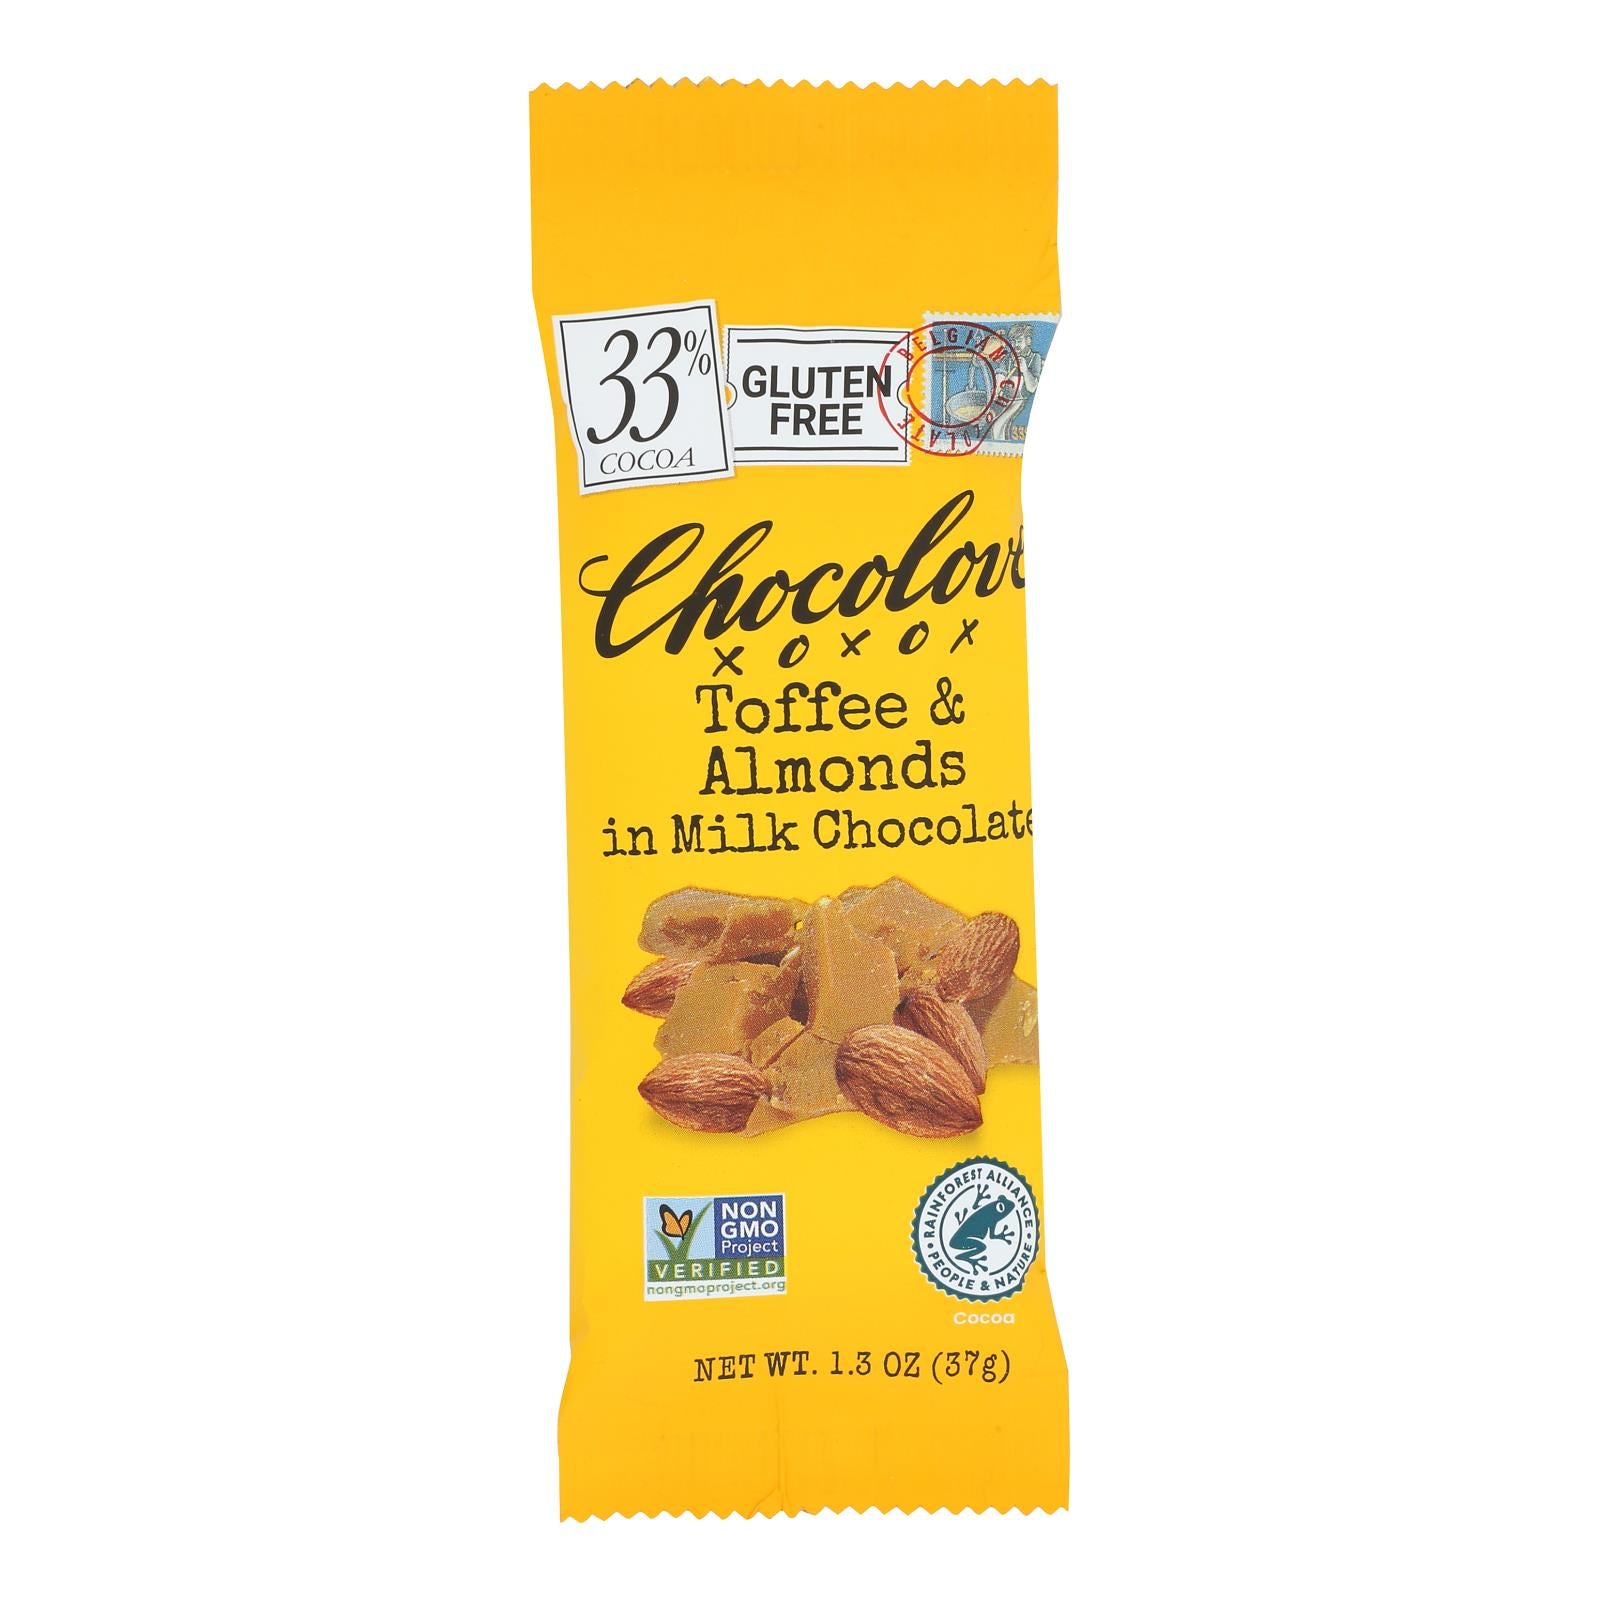 Chocolove Xoxox - Premium Chocolate Bar - Milk Chocolate - Toffee and Almonds - Mini - 1.3 oz Bars - Case of 12
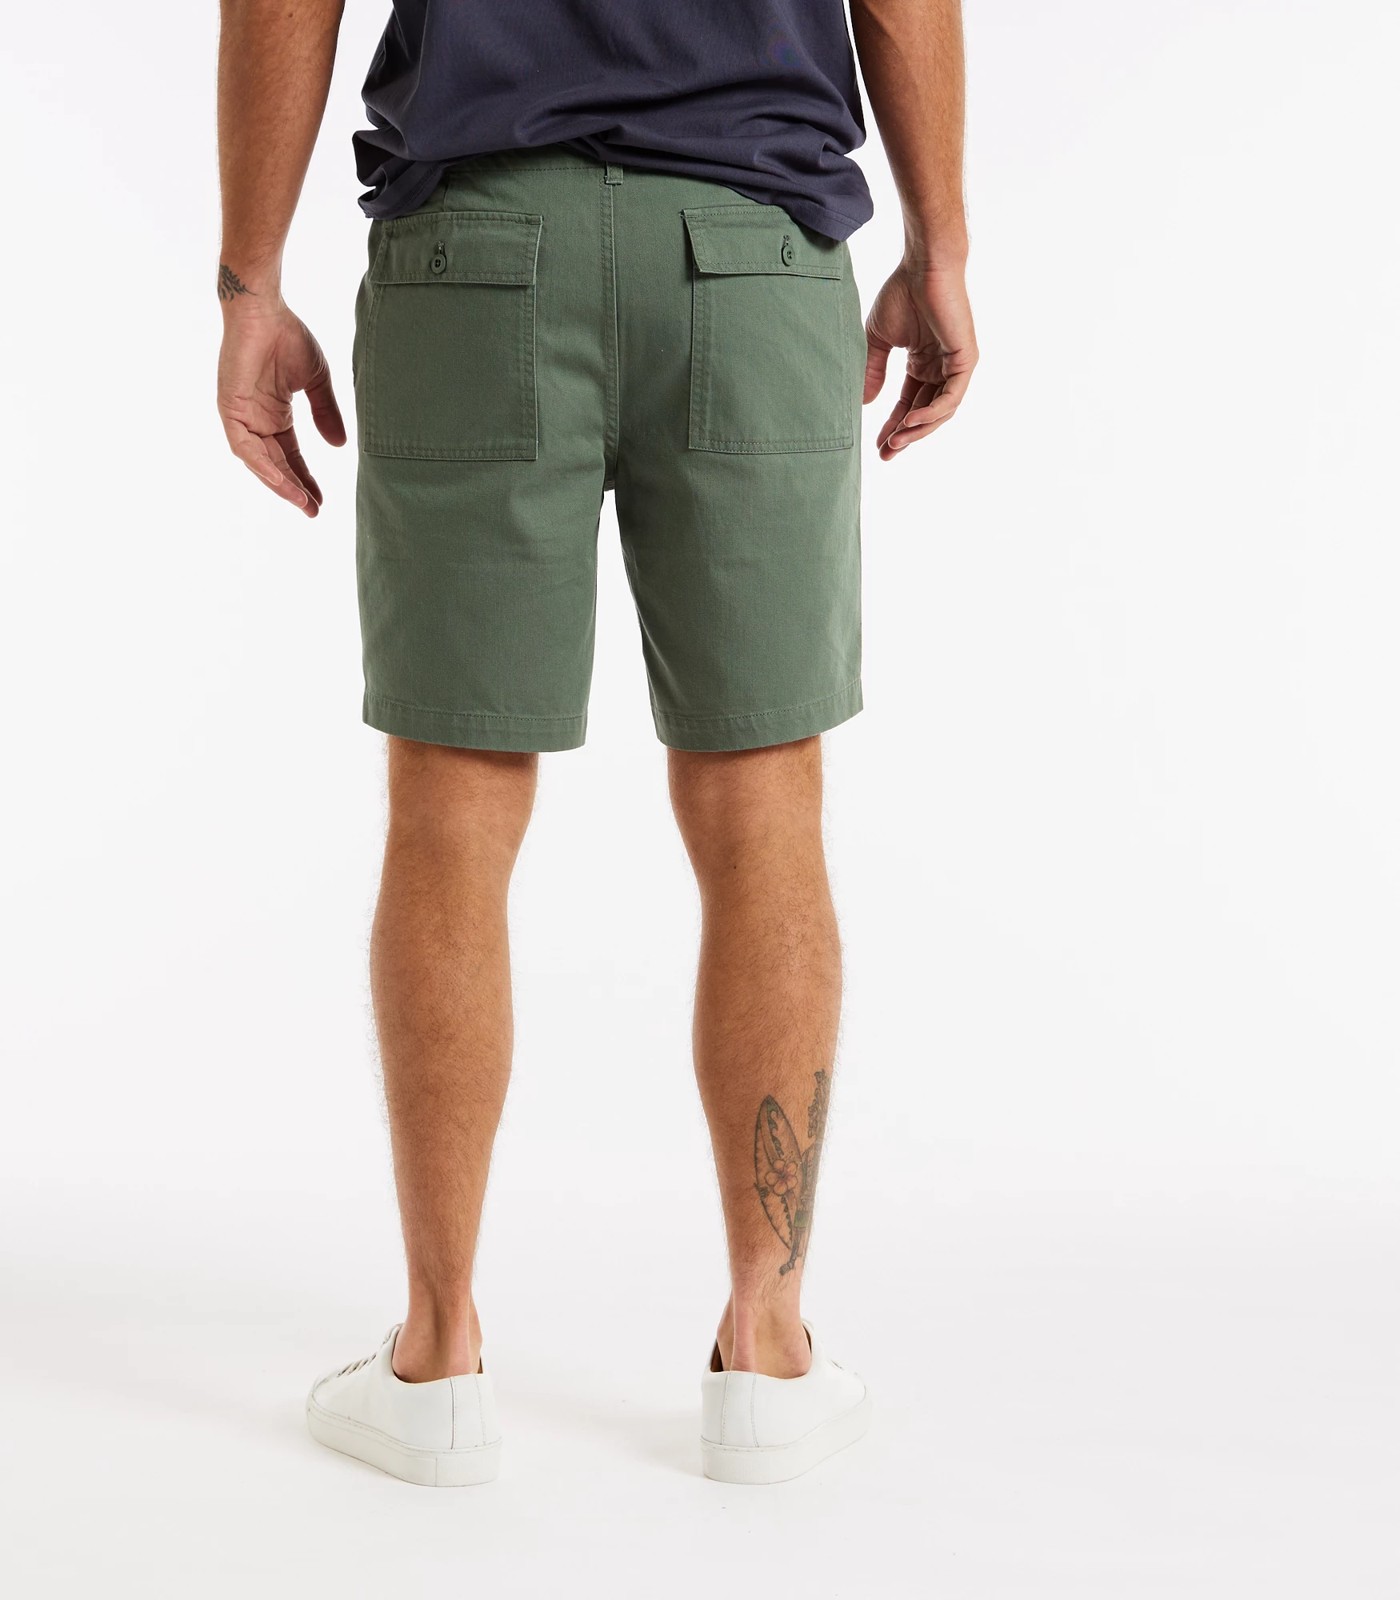 Piping Hot Woven Shorts | Target Australia
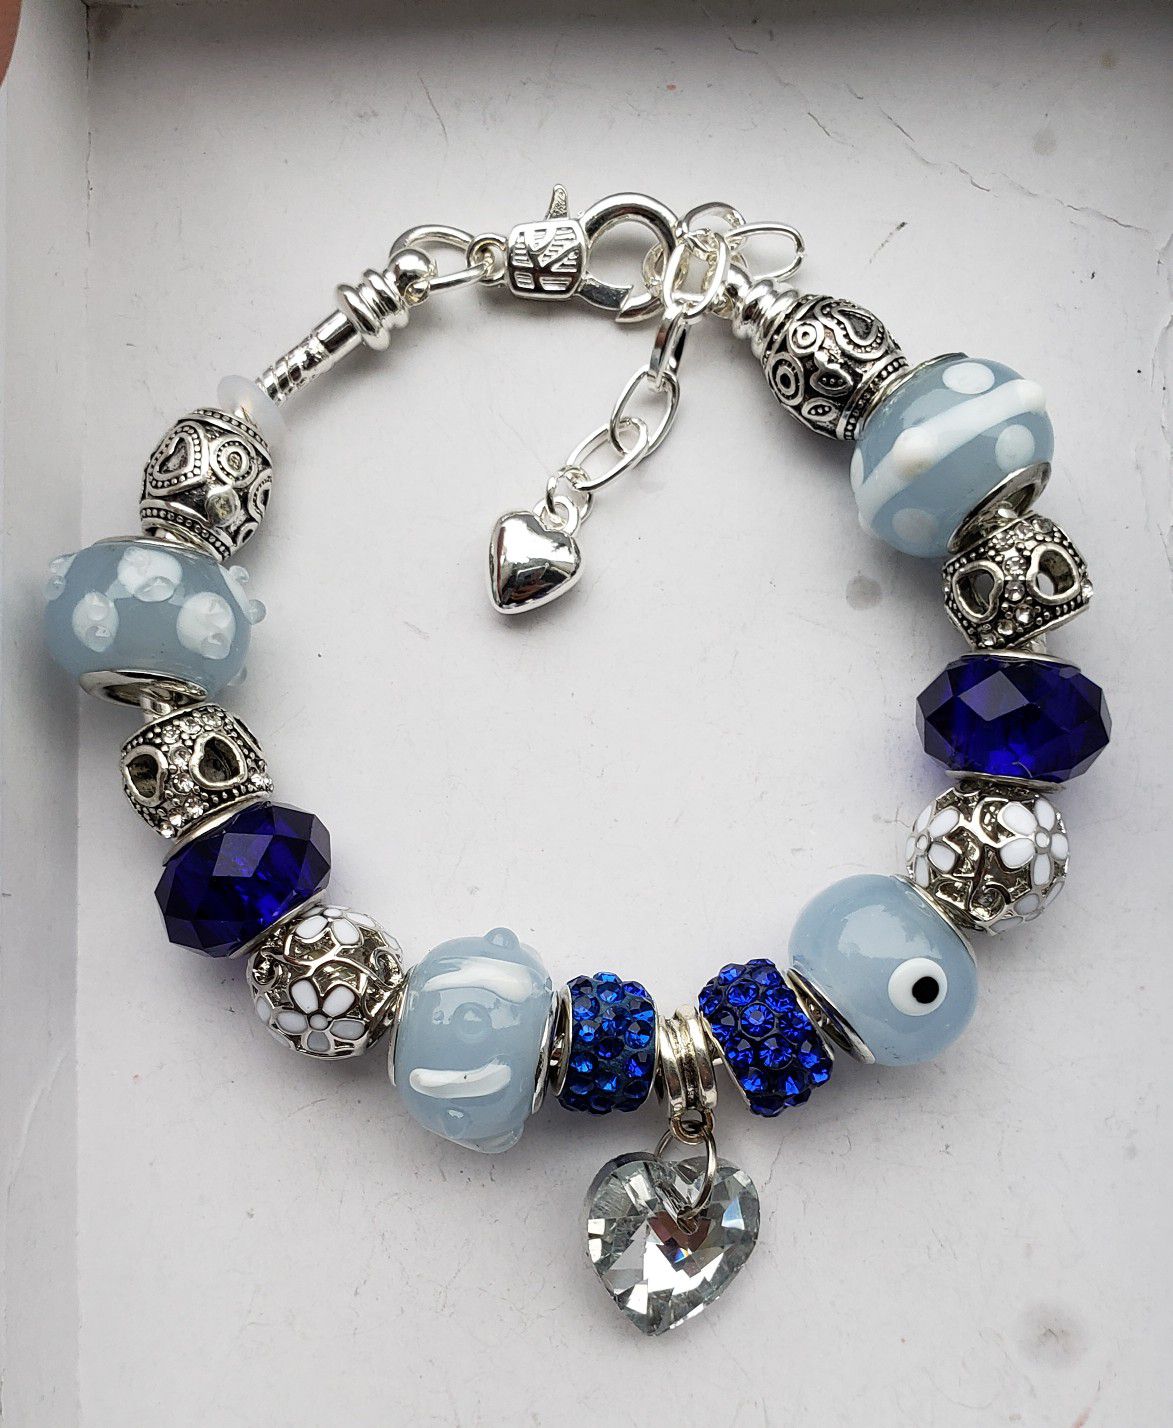 Pale blue and whitecharm bead bracelet 2 for $25

WHAT NEEDS TO BE DONE
Without including any pictures, reproduce the data exactly.

THE COMPLETED TASK
 Chocolove Xoxox - Premium Chocolate Bar - Milk Chocolate - Toffee and Almonds - Mini - 1.3 oz Bars - Case of 12
 Piping Hot Woven Shorts | Target Australia
 Pale blue and whitecharm bead bracelet 2 for $25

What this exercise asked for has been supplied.